This project aims to predict whether individuals are at risk of heart disease using machine learning techniques.We used a dataset available on Kaggle, which you can access here
In the data preparation phase, we followed the following steps:
- There was no missing value problem in the data set. However, since it is not possible for values such as cholesterol, blood pressure and fasting blood sugar to be 0, we considered these variables as missing data. Since the percentage of missing values was around 14%, we filled the missing data with the KNN imputer method instead of deleting them.
- One-hot encoding method was applied to categorical variables and Standard Scaler method to numeric variables.
- To improve prediction accuracy, we added new features such as New age, New cholesterol, New resting bp s and New max heart rate based on age.
- New max heart rate based on age Represents the person's age-adjusted max heart rate.This variable is calculated by subtracting the person's age from their maximum heart rate.
In the model development phase, we followed the following steps:
- We tried different algorithms such as Logistic Regression, K-Nearest Neighbors Classifier, Decision Tree Classifier, Random Forest Classifier, SVC, XGB Classifier, CatBoost Classifier, LightGBM Classifier.
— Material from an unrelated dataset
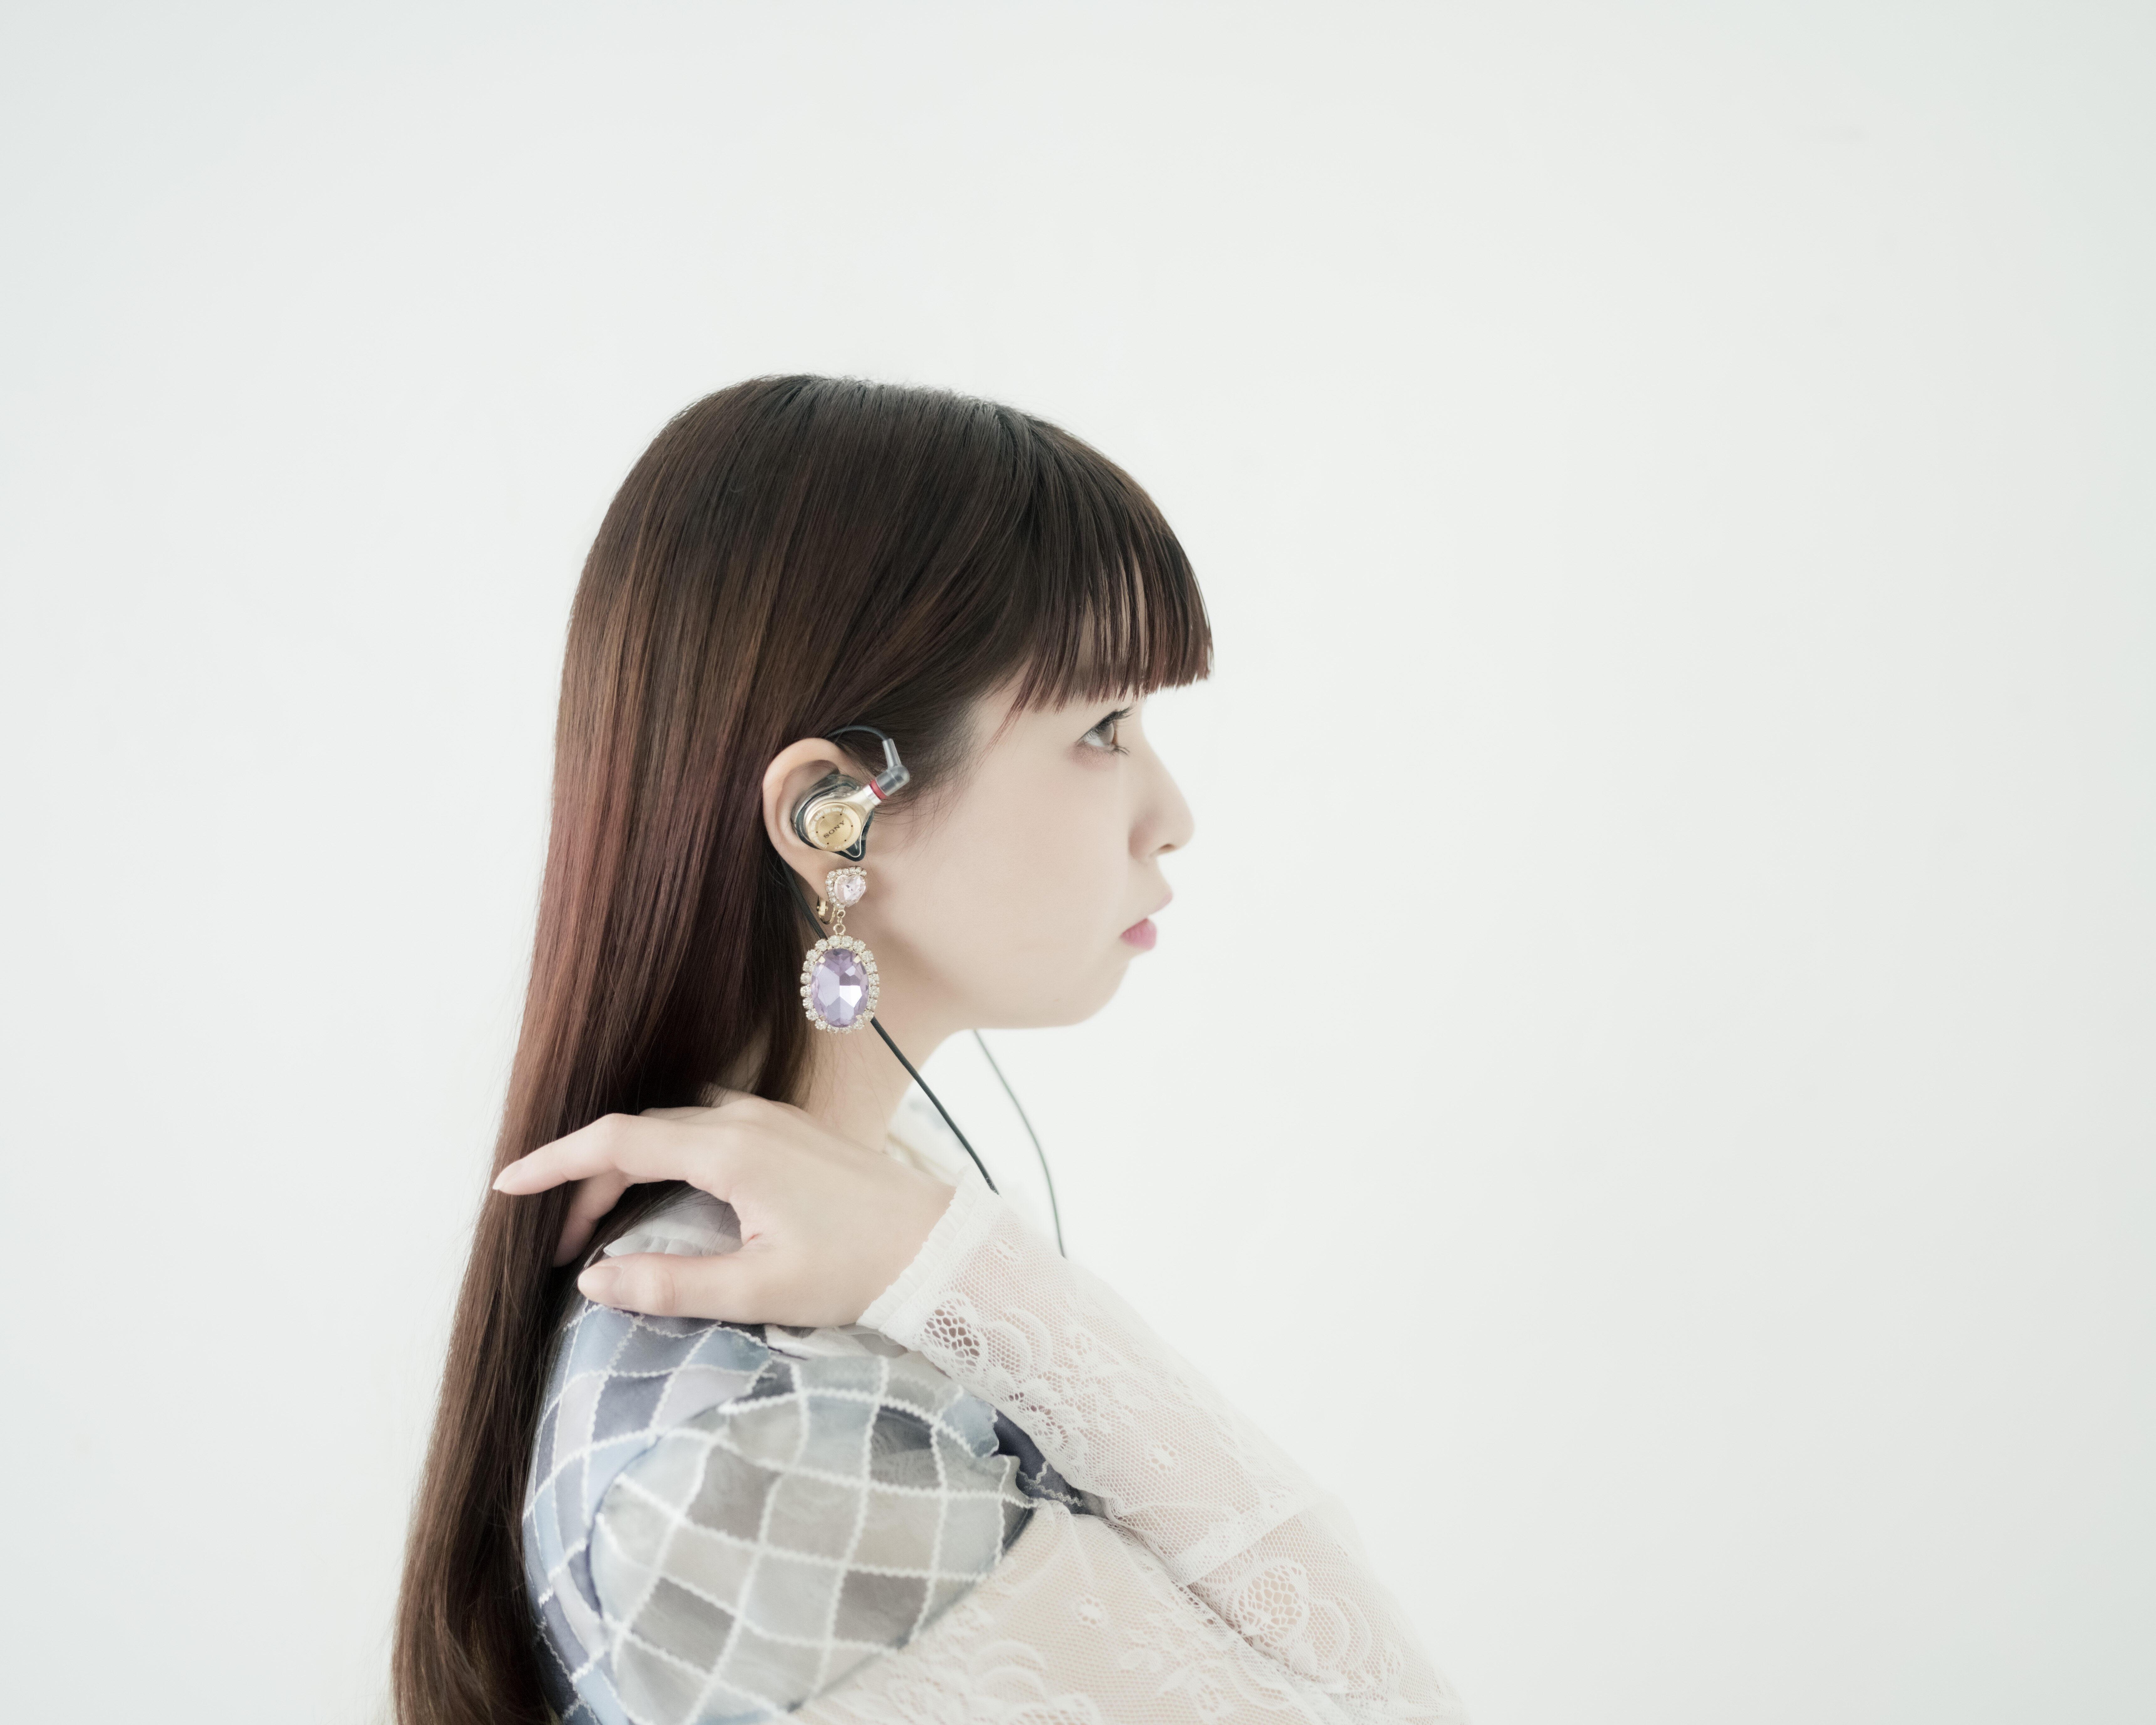 「ボーカルの息遣いを楽しんで」<br>Just ear : 春奈るな氏コラボモデルを限定発売

- Before applying these models, we split the dataset into training and testing sets and also used cross-validation techniques.
- To improve performance, the hyperparameters of the models were adjusted using the Stratified k-fold cross-validation technique.
- For each model, the best performing hyperparameters were identified.
- The models were evaluated using performance measures such as accuracy, precision, recall and F1-score.
- The overall performance of the model was visualized using techniques such as confusion matrix and ROC curve.
- The Catboost model was selected as the best performing model among all models.
- The selected model was evaluated on the test set and its performance was verified.
- These steps ensured the successful execution of the project and as a result, we implemented the Catboost model in a web application for users.
- We have developed a user-friendly web application using Streamlit that offers the following features.
- If the app is asleep due to Streamlit's policy, please wait a few minutes for it to wake up.
As a result, our web app provides a platform for users to discover whether they are at risk of heart disease using machine learning techniques.